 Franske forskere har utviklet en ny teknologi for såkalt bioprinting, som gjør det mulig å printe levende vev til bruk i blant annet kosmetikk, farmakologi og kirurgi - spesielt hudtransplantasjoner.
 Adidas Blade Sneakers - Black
---
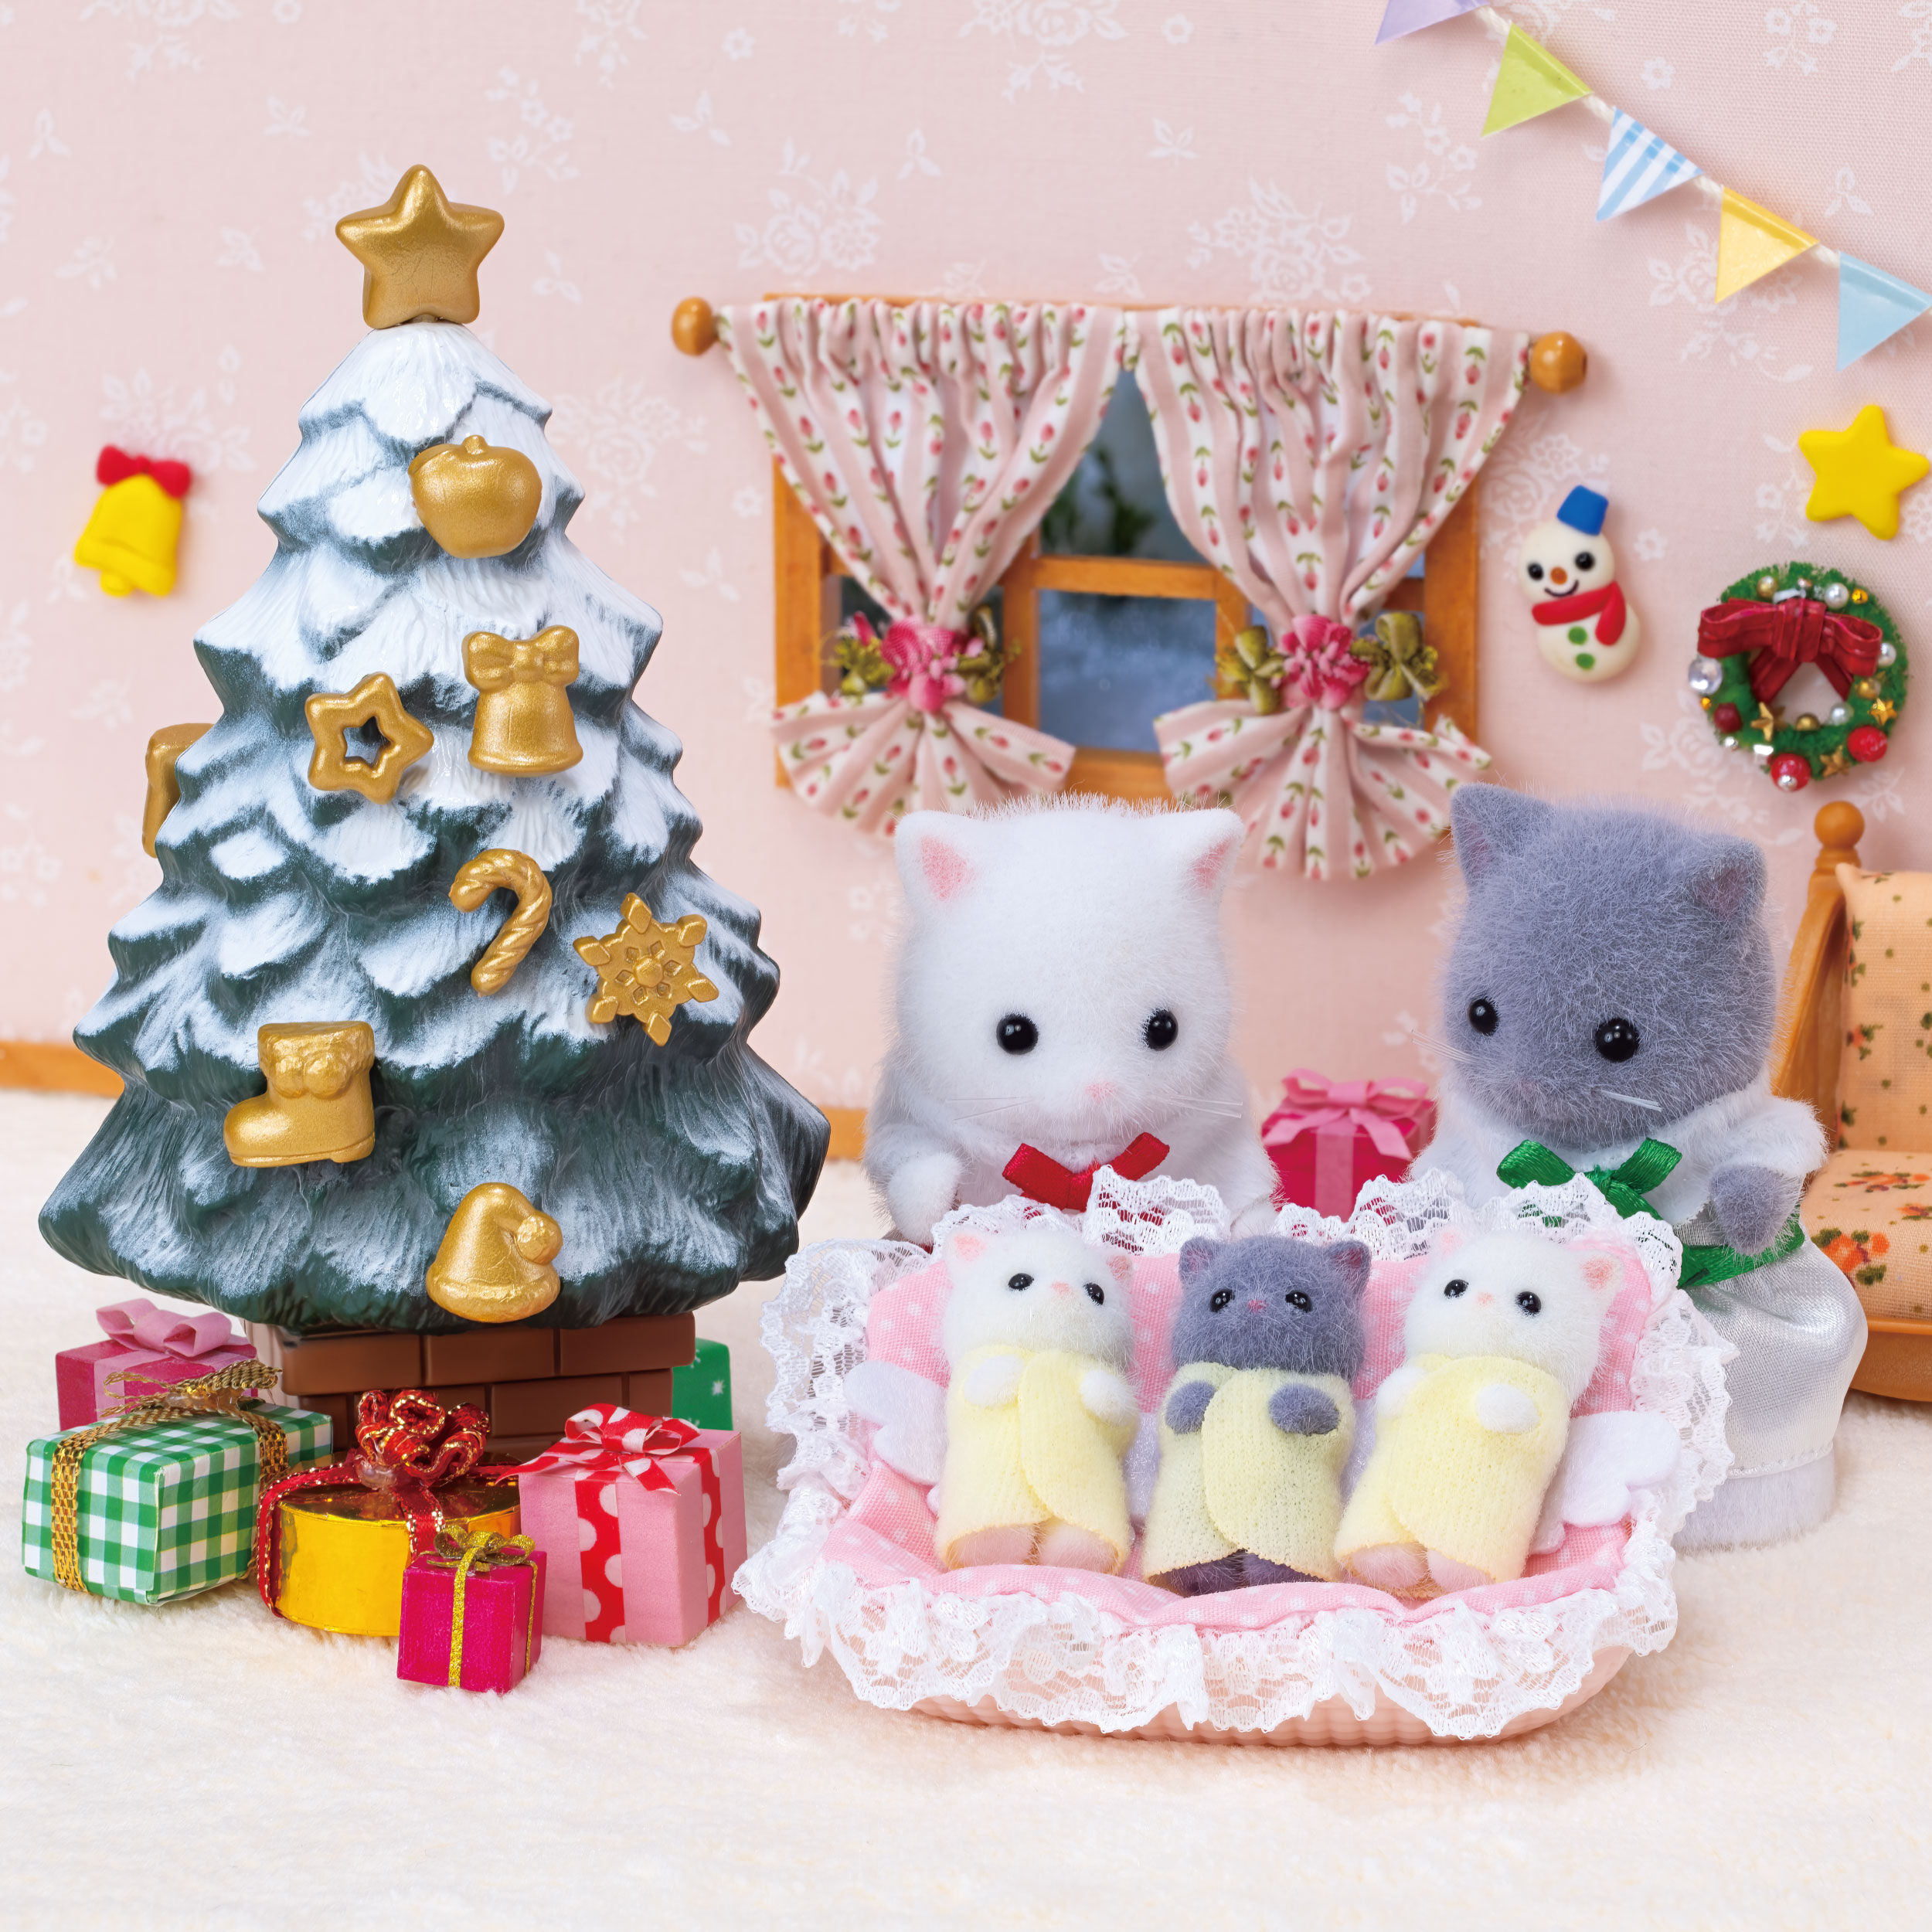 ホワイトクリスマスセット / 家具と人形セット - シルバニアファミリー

### About this exercise:
In the listing above, find the line with "Franske forskere har" and the line with "Adidas Blade Sneakers - Black". Output those two lines and every line between them, exactly as written.

### Task answer:
 Franske forskere har utviklet en ny teknologi for såkalt bioprinting, som gjør det mulig å printe levende vev til bruk i blant annet kosmetikk, farmakologi og kirurgi - spesielt hudtransplantasjoner.
 Adidas Blade Sneakers - Black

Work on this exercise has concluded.